Sur le fond, je ne suis pas totalement persuadée que d'augmenter à 20 000 F la taxe tourisme pour certains commerces soit de nature à faire disparaître le malaise que les commerçants ressentent à payer cette taxe. Au contraire, je pense que certains considèreront que cette taxe est encore plus injuste avec le projet de loi socialiste qu'aujourd'hui. De plus, je m'étonne que le parti socialiste nous demande aujourd'hui de diminuer cette taxe puisqu'il y a quelques années, avec les autres partis de gauche, il avait fait un véritable chantage pour augmenter cette taxe tourisme afin de financer la Halle 6. Hier ils demandaient une augmentation massive, aujourd'hui ils nous disent vouloir la diminuer, en tout cas pour les petits commerces. Ils oublient de dire qu'ils l'augmentent massivement pour d'autres commerces.

Venons-en à la défense des petits commerces: je suis absolument ravie d'entendre que le groupe socialiste défend le petit commerce ! Je me réjouis de les voir faire lorsqu'il s'agira de laisser notamment les automobilistes venir jusqu'au centre-ville pour aller acheter dans les petits commerces... (Protestations dans la salle.)Nous vous attendons au contour.

M. Olivier Vaucher. Pas en 4X4 !

Mme Stéphanie Ruegsegger. Pas en 4X4, non... Je me réjouis de vous entendre défendre le petit commerce, car je vous rappelle qu'avant de payer des taxes les petits commerces souhaitent avant tout avoir des clients, et c'est ce qui importe pour eux.

Nous soutiendrons donc le renvoi en commission et verrons ensuite ce que nous ferons avec ce projet de loi.

M. Gilles Desplanches (L). Pratiquement tout a été dit, mais en tant que commerçant, je trouve que le projet de loi socialiste mérite d'être travaillé, parce qu'il faut tout de même reconnaître que nous les commerçants, petits ou grands, payons beaucoup trop de taxes. Je ne dis pas que je serai d'accord d'augmenter les taxes pour les plus grands commerces, mais je pense qu'il est vrai que les plus petits devraient bénéficier d'un tarif plus avantageux. Cette taxe est une occasion supplémentaire d'ajouter encore une certaine fiscalité.

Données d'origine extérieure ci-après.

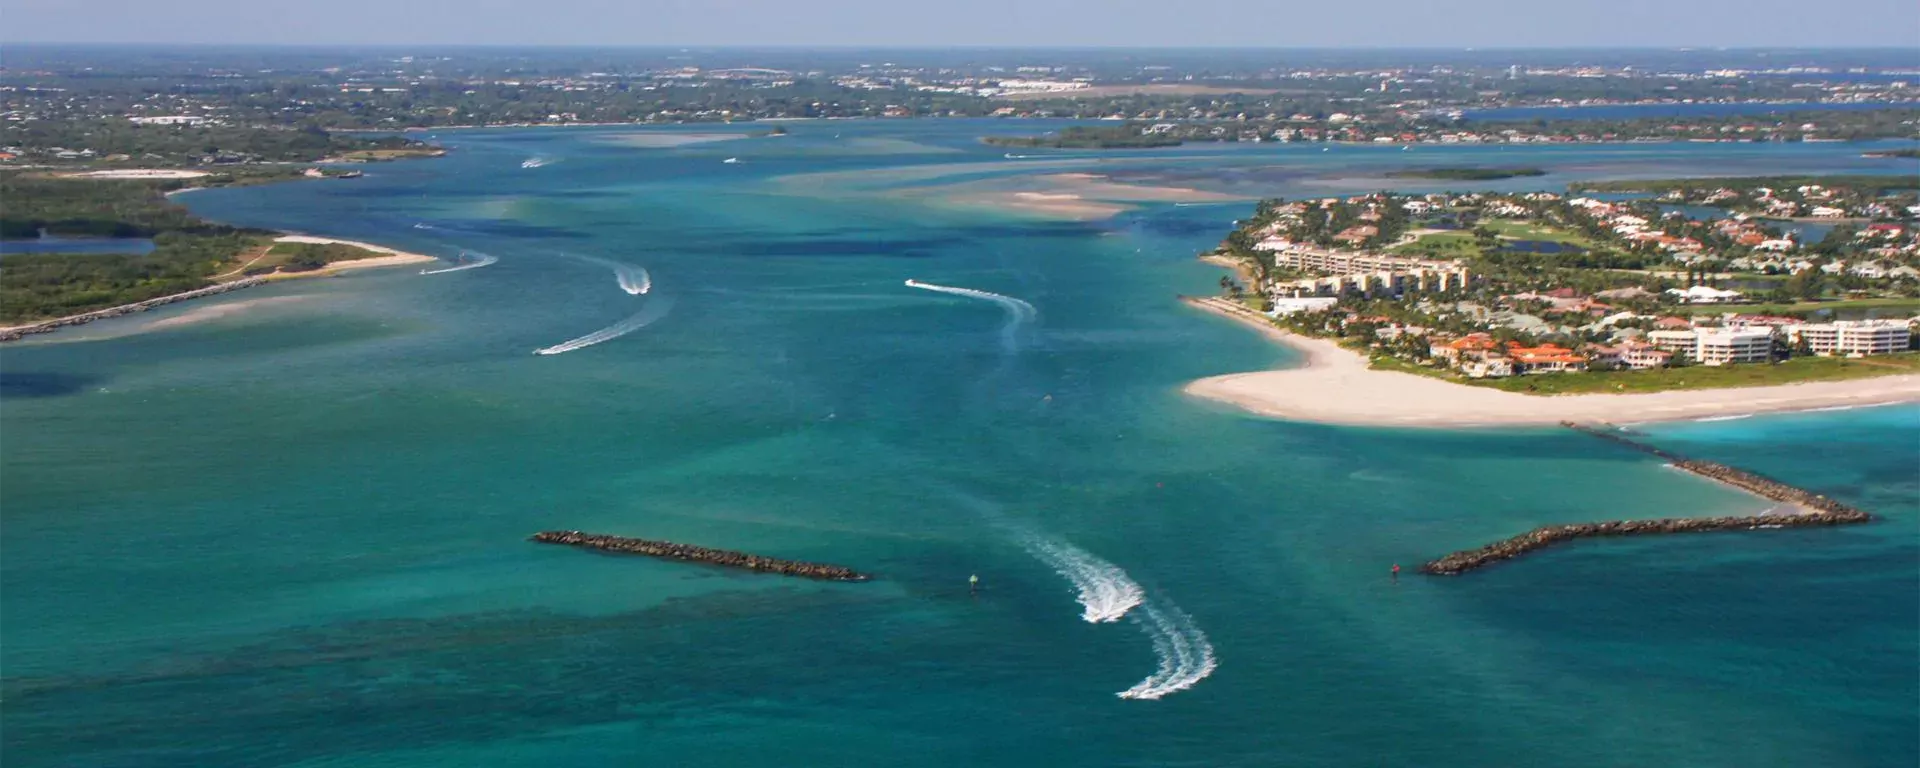 St. Lucie Inlet

Pour cette raison, je trouve que ce projet de loi doit être renvoyé en commission, auquel cas on se fera un grand plaisir d'y travailler. J'aimerais dire surtout que c'est la première fois que le parti socialiste fait un projet de loi qui concerne réellement les petites entreprises, et c'est également une raison pour nous de vous suivre sur le renvoi en commission, pour y travailler avec vous.

M. Pierre Kunz (R). Le parti radical s'étonne, comme ses cousins, de cette sollicitude subite - elle ne date d'ailleurs pas d'aujourd'hui, puisqu'on nous en a fait la preuve il y a quelque temps - de la gauche et du parti socialiste en particulier pour la fiscalité trop lourde de certains de nos concitoyens.

Il est vrai que la loi en question est critiquable, la pratique l'a montré et nous avons déjà eu l'occasion d'en parler dans ce parlement, mais il est curieux que, si la loi est considérée comme étant mauvaise pour les uns, elle soit bonne pour d'autres... Sauf à penser que désormais, les socialistes considèrent que la dégressivité des taxes en fonction du volume autant que la progressivité des impôts en fonction du revenu devient critiquable... Je me réjouis de reparler dans l'autre sens de la problématique de l'impôt sur le revenu des personnes physiques, qui est excessif pour les hauts revenus et insuffisant pour les bas revenus !

Une voix. On te reconnaît bien là !

M. Christian Brunier. Article 24 !

M. Pierre Kunz. En ce qui concerne l'idée de base de ce projet de loi, les radicaux seront évidemment ravis si tous ensemble nous parvenons à réduire l'importance des taxes qui pèsent sur les entreprises. Il n'est bien entendu pas question d'augmenter les taxes qui pèsent sur les autres ! Mais cela mérite un débat, et ne serait-ce qu'en vertu de l'importance, de l'épaisseur de ce projet de loi, les radicaux se feront un plaisir de l'envoyer en commission.

Ce projet est renvoyé à la commission de l'économie.